Compared to other earthen creatures, they are blindingly fast, and absolutely suicidal in much damage they do to their own bodies in the process. They are similar to a human who could run 100 miles an hour, even as their tendons snap and their skin peels off from the cruel velocities, which their substance was never meant to take.
Earth elementals are most often made form quartz. It has the extreme durability that their berserk metabolisms require. Other elementals are made from similarly durable rocks: moissanite, chrysoberyl. They throw themselves into their tasks with suicidal intensity, grinding themselves into dust in the space of only a few hundred years--a heartbeat among the mineral spirits.
Compared to humans, an earth elemental moves at a crawl.
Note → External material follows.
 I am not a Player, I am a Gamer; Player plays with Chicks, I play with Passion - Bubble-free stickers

A man with two broken legs could pull himself faster than an earth elemental's sprint.
A small earth elemental (the kind that you will encounter in a dungeon) is going to be 3 m tall and weigh 10 tons. They will have the "lower body" of a tank, or perhaps something like a many-legged tortoise. It's "upper body" will be something of the body plan of a crab, with broad arms ending in crushing claws.
The arms move a good bit faster than the legs, but still extremely slow by our standards. An earth elemental trying to crush a human is comparable to a human trying to catch a flying mosquito with their bare hands.
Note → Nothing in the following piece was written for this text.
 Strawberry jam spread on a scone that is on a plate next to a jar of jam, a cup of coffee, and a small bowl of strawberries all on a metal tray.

You are safe from them as long as you stay out of melee range. You will not be able to chisel them to death unless you get inside melee range. A fight with an earth elemental will likely be a running battle, crossing many rooms of the dungeon as you find ways to wear down the implacable stone.
Earth elementals are intelligent and capable of speech, but you must talk to them very slowly. About one word ever 10 minutes.
Lvl 8 AC - Grab x2
Mov snail Str 24 Int 10 Mor 10
Any attack against an earth elemental is going to hit it.
Explosives deal full damage. Pickaxes deal 1d6 damage. Bludgeoning weapons deal half damage. Pretty much everything else (including lightning and acid) deals 0 damage.
Each turn, it tries to grab two adjacent enemies and crush them to death. The earth elemental attacks with a -10 penalty to its attack. On a hit, a target is grabbed. If the target is still grabbed at the beginning of the earth elemental's next turn, the earth elemental automatically deals 4d6 damage to them. It can then drop them as a free action or throw them for another 4d6 damage.
They can move through one dungeon room every 10 minutes.
|some Notre Dame gargoyles by Eugene Emmanuel Viollet-le-Duc|
Like humans, stones are also susceptible to demonic possession.
Gargoyles do not appear to be made from stone. They are cold-eyed beasts that spend a millennia carving a body for themselves, and another millennia digging themselves free from whatever vein spawned them. No two appear exactly the same, and yet they tend to favor the same features, sculpted accord to terrify the primeval mammal at the heart of man.
Powerful shoulders, low-slung jaws, talons as thick as a shovel, and spiked tails are common. Many of them wear wings to honor their Satan, although none of them can fly.
After the Church successfully invaded Hell in 788 TFM and overthrew Satan, many demons were forced to take the Oaths, becoming devils. Gargoyles were included in that number, and to this day a great many of them have been installed on cathedrals, in order to serve as guardians in the cathedral should ever be attacked. (They are usually awoken by ringing a certain bell, within the church.)
Many gargoyles chose their bodies before they had a chose their purpose. Many are insecure about their lumpy, plodding bodies that would built to terrify uncivilized, brute humanity. Many are ashamed to sit beside the carved angels of a cathedral's walls, and can only be glimpsed lurking in the recesses.
HD 4 AC plate Atk 1d12
Move human Climb ape Int 8 Mor 12
Autopetrification -- In place of a move action, a gargoyle can turn from flesh to stone, or vice versa. Their senses are dulled while in stone form. If killed, a gargoyle instantly turns into stone, trapping any piercing weapon that was used to deliver the killing blow.